**Task**
Return all of the data exactly as written, without the pictures.

**Material provided**
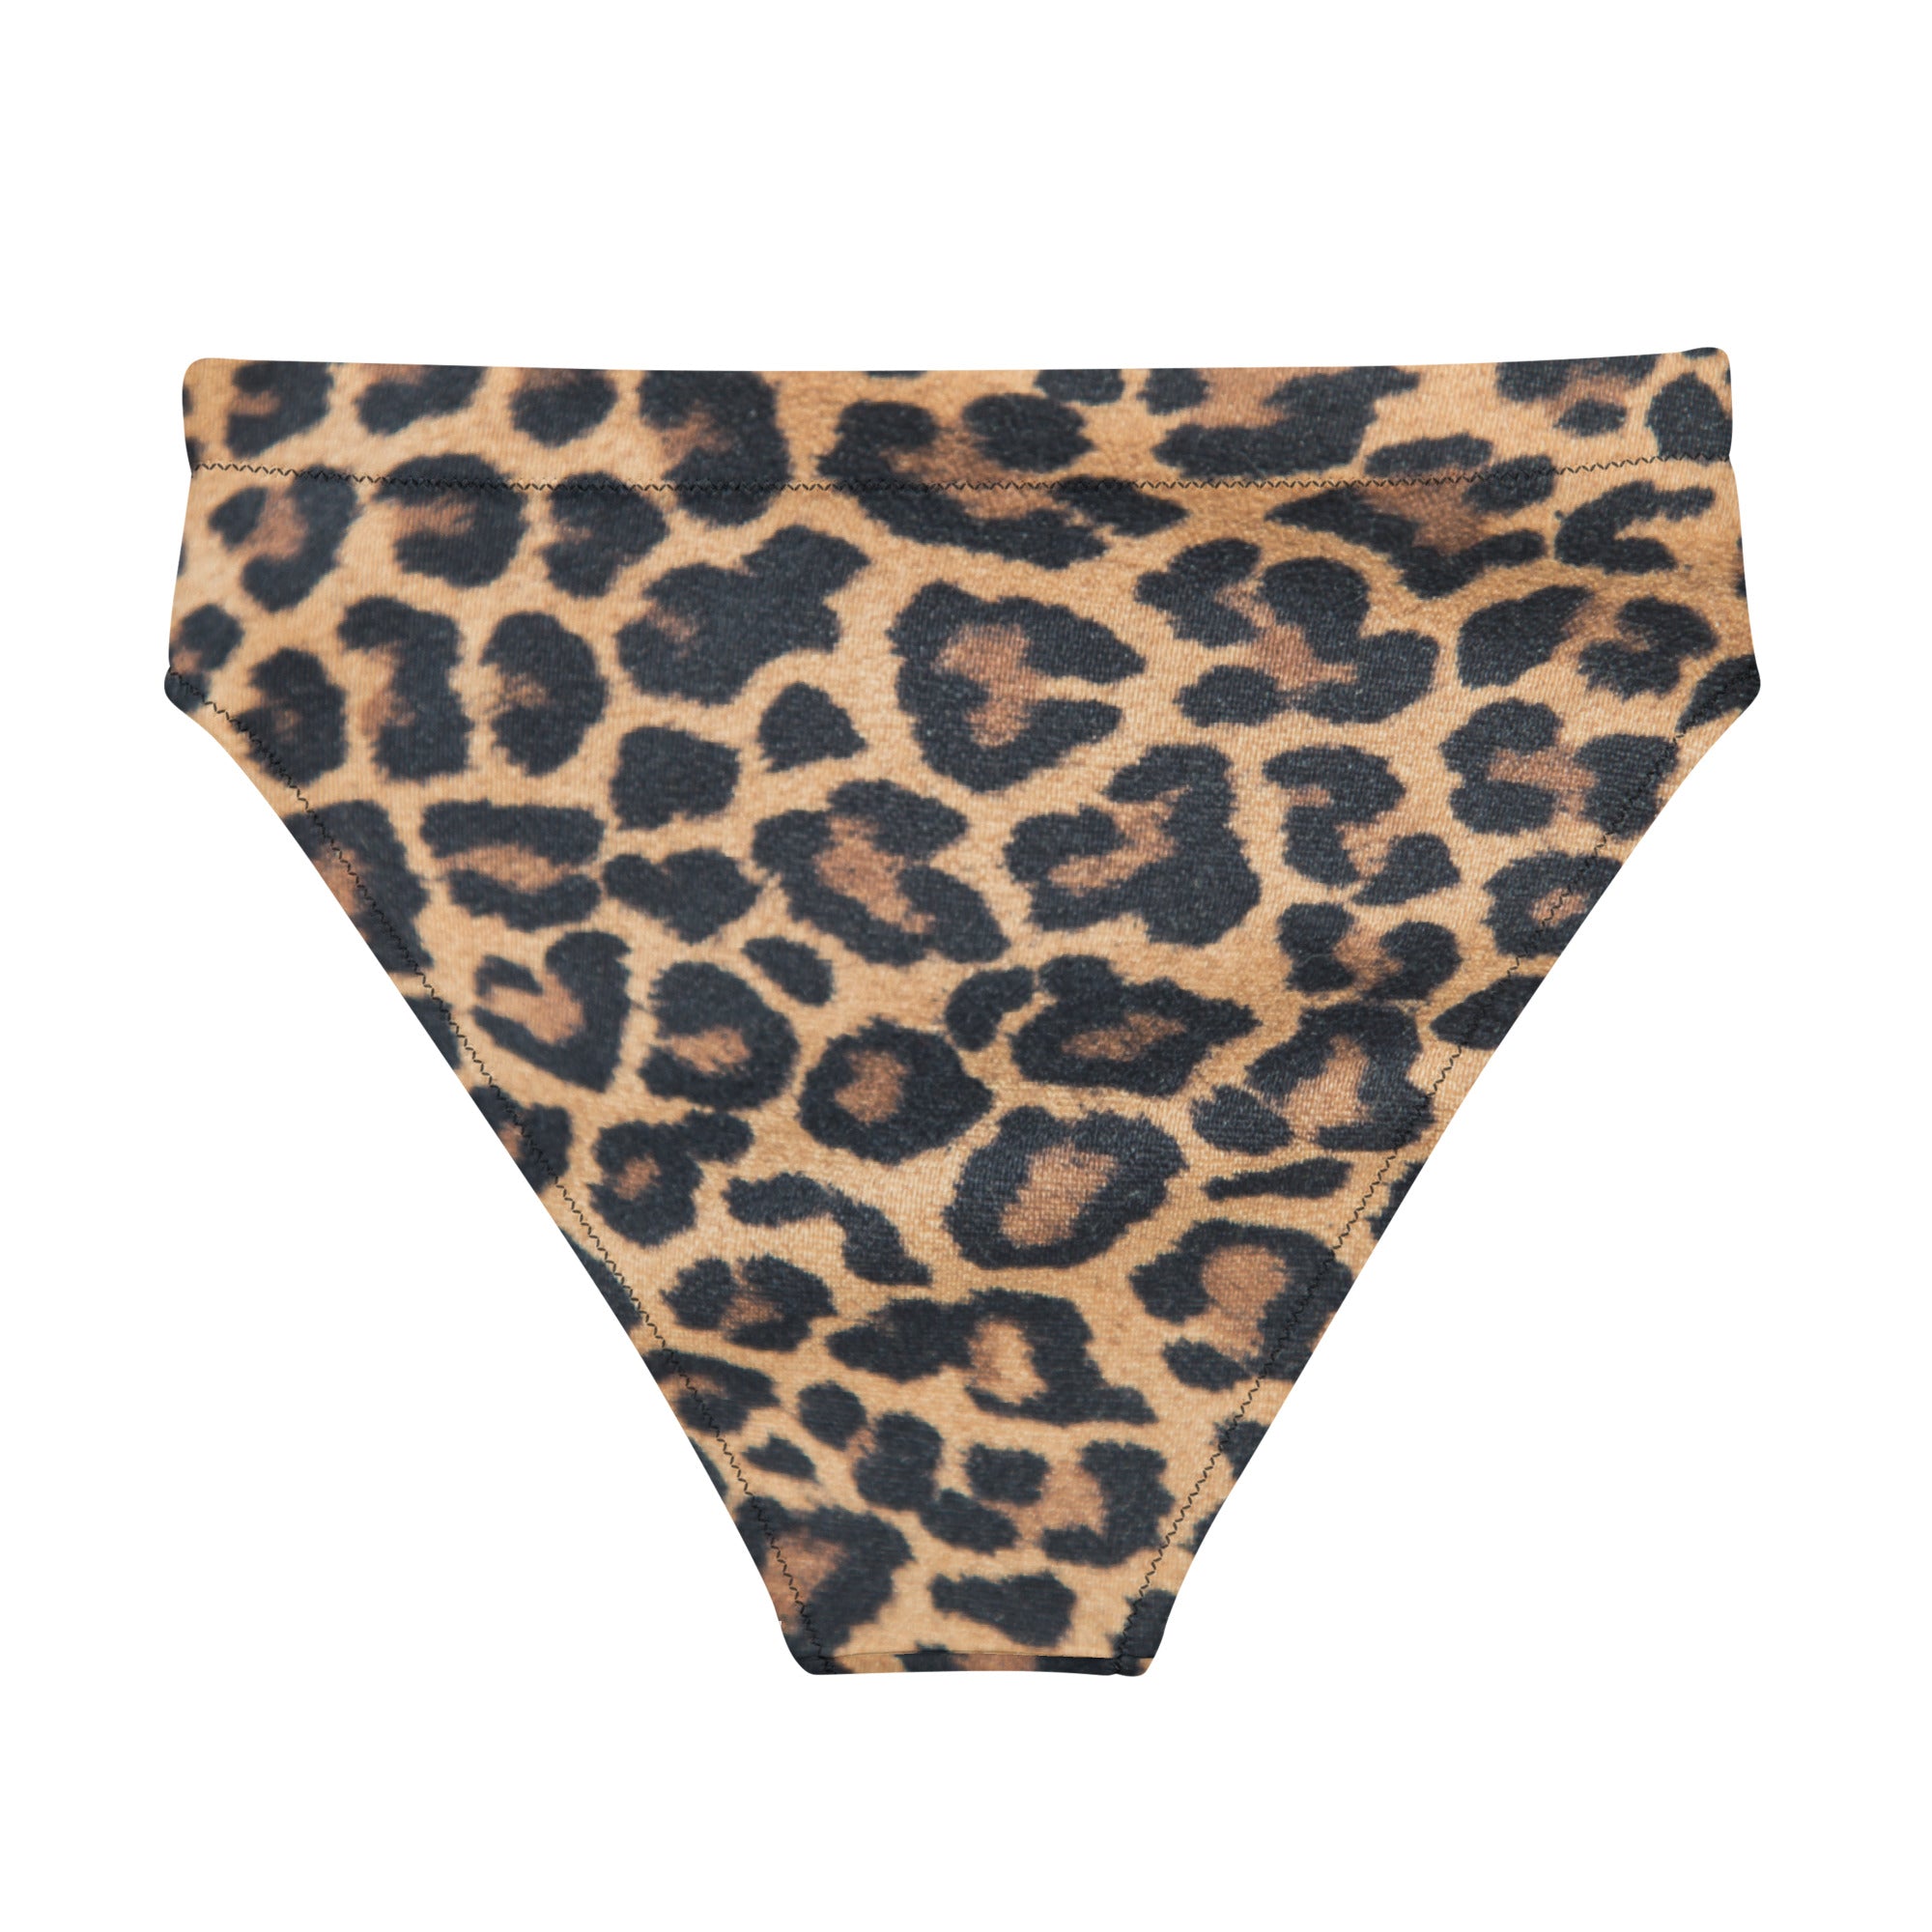 Dive into a world of untamed fashion with our leopard print bikini bottoms.
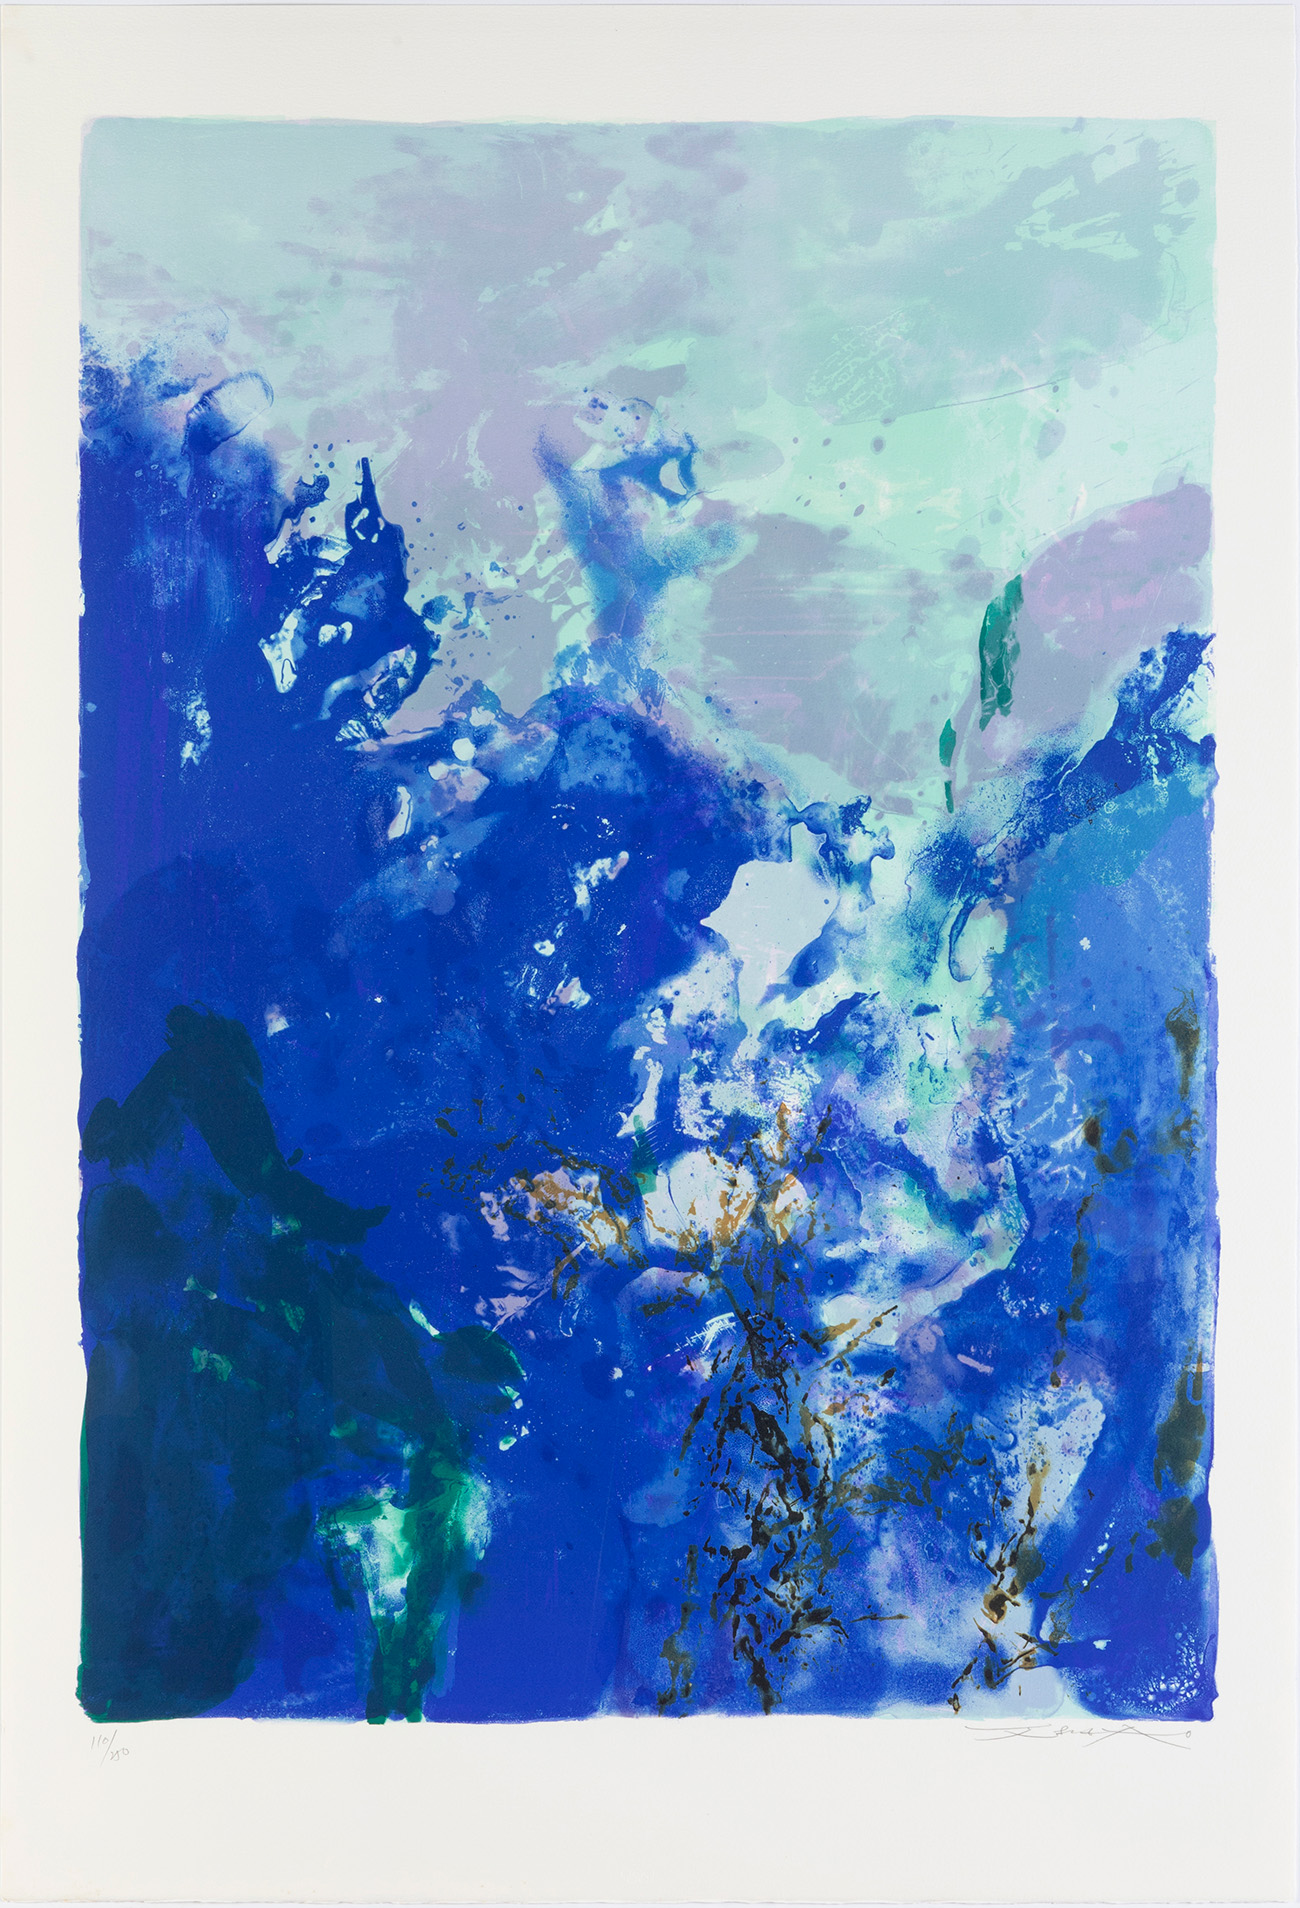 ZAO WOU KI (Beijing, 1921 - Nyon, Switzerland, 2013).Untitled, from the Suite Olympic Centennial,
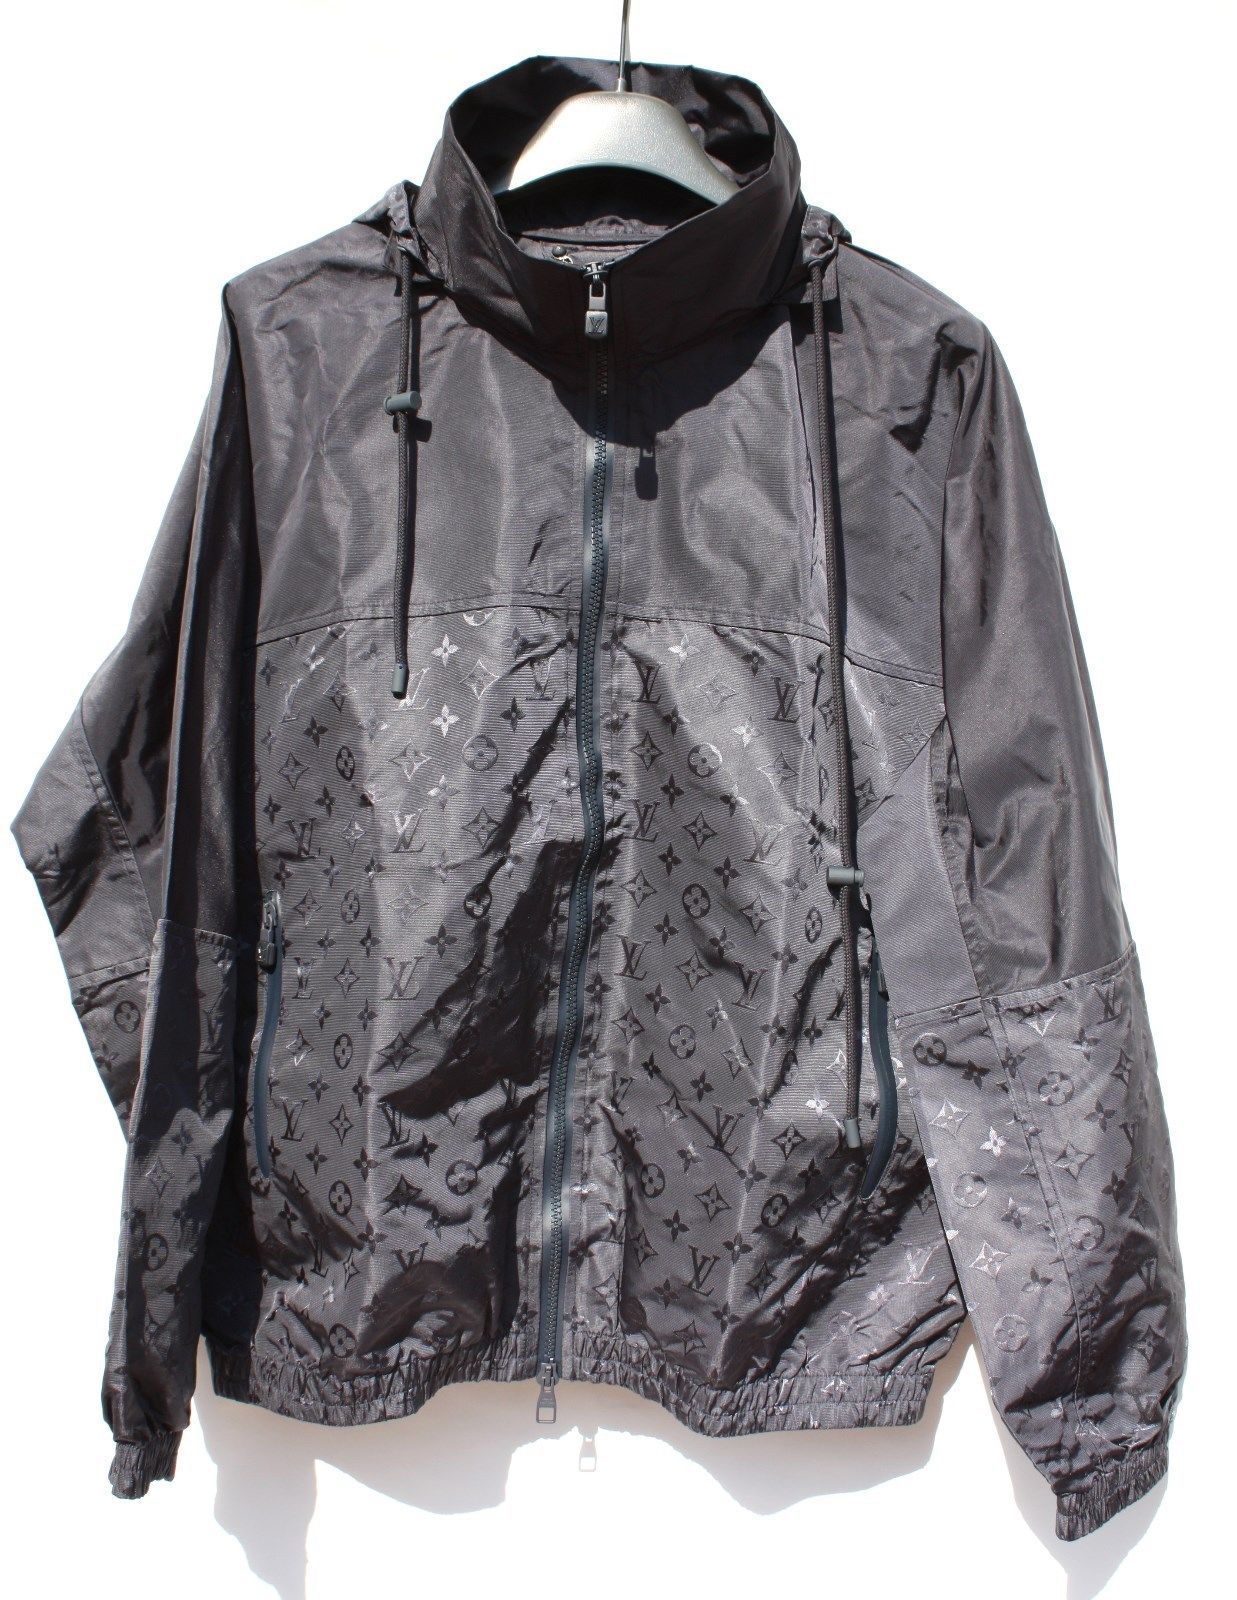 LV Reflective Rain Jacket/SOLD OUT

**Answer to this exercise**
 Dive into a world of untamed fashion with our leopard print bikini bottoms.
 ZAO WOU KI (Beijing, 1921 - Nyon, Switzerland, 2013).Untitled, from the Suite Olympic Centennial,
 LV Reflective Rain Jacket/SOLD OUT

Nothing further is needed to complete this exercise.